[[ Dataset content, beginning ]]

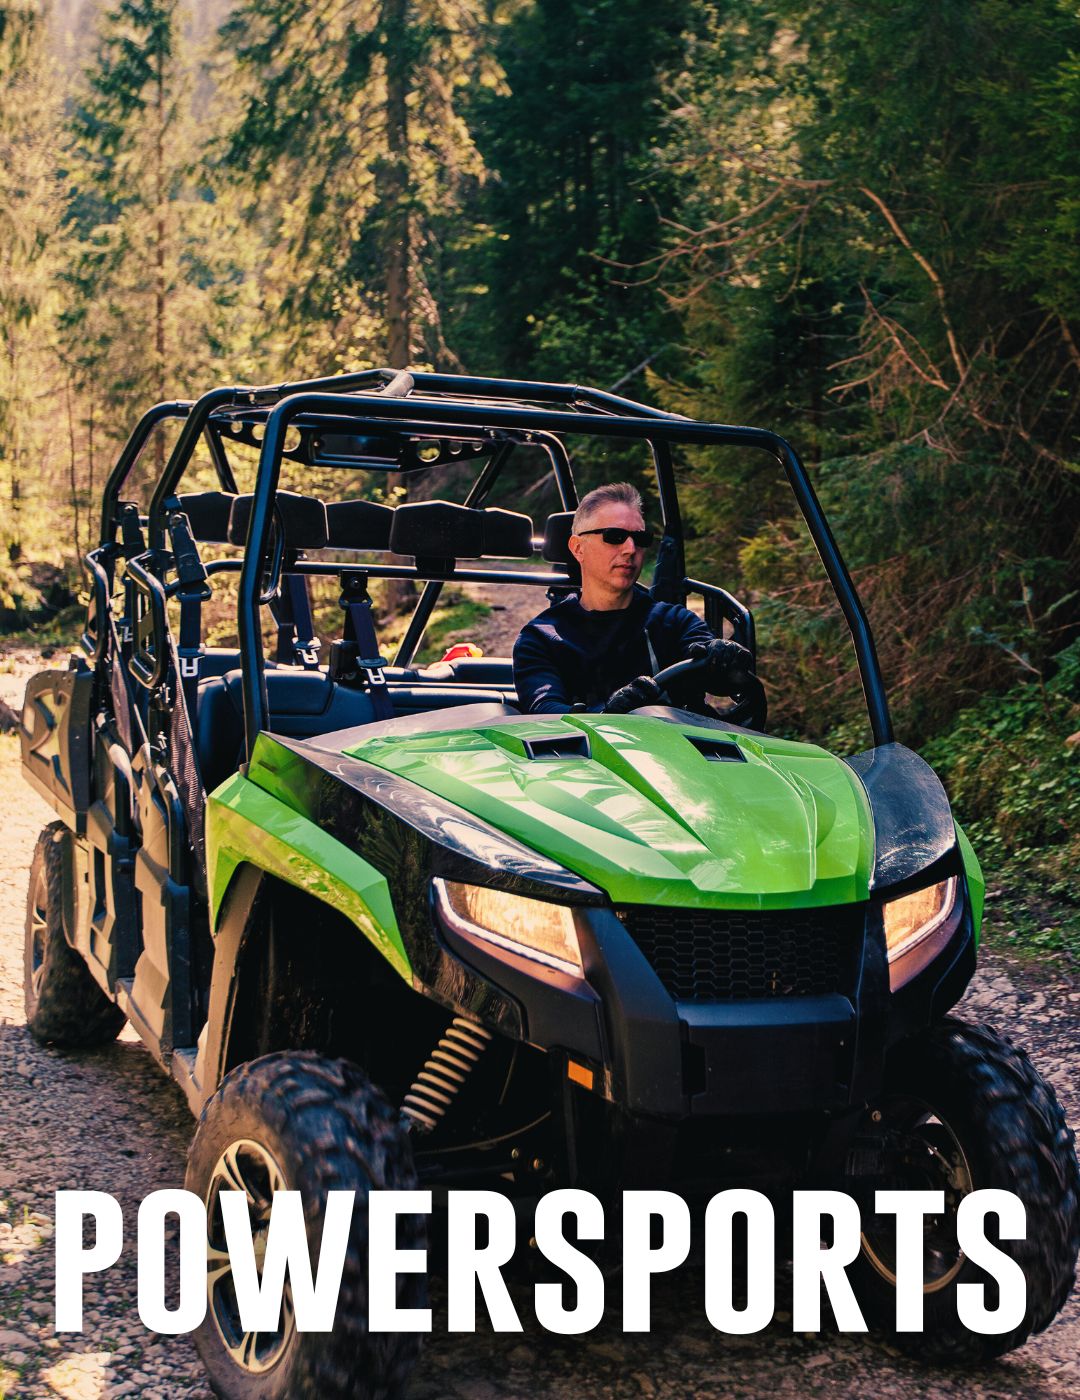 finance and purchase your powersports, atv, side-by-side through Ironhorse Funding. kabota, cat
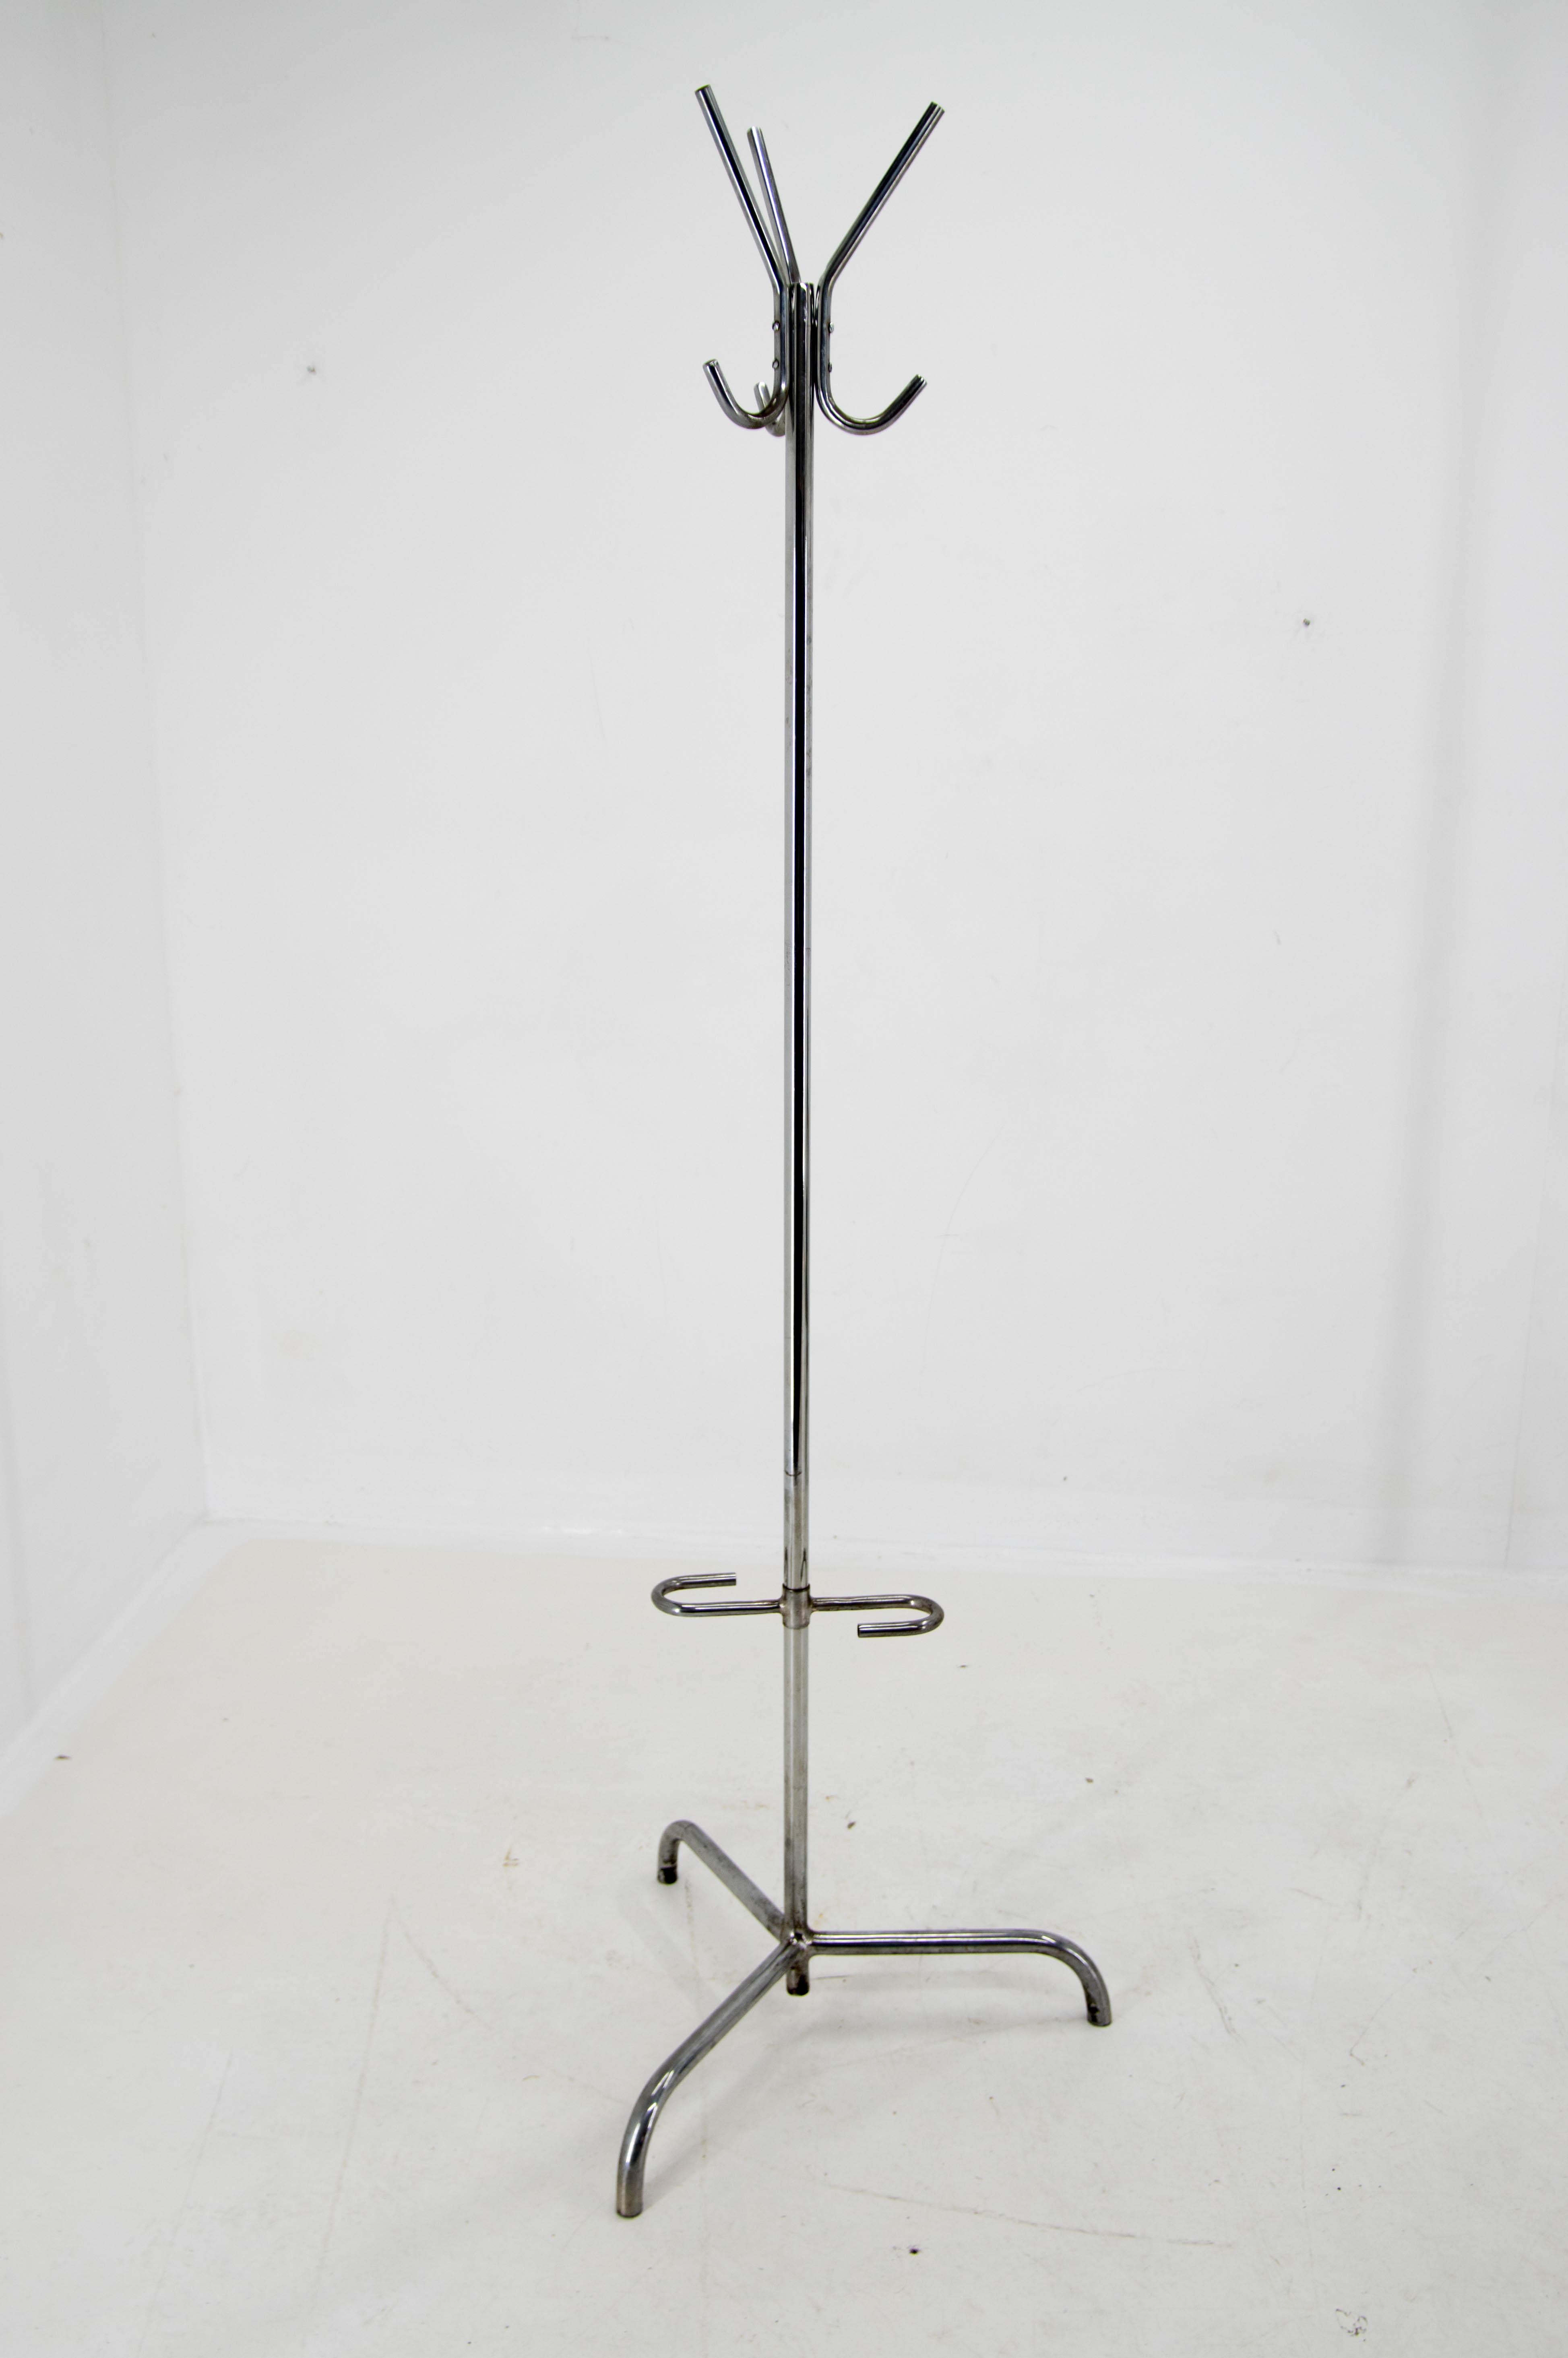 Industrial coat rack from Bauhaus factory built in 1920s.
Original condition with losses on chrome.
Cleaned, polished.

[[ Dataset content, end ]]

- Task statement
Send back every line of the listing exactly. Omit the images.

- Completed task
 finance and purchase your powersports, atv, side-by-side through Ironhorse Funding. kabota, cat
 Industrial coat rack from Bauhaus factory built in 1920s.
Original condition with losses on chrome.
Cleaned, polished.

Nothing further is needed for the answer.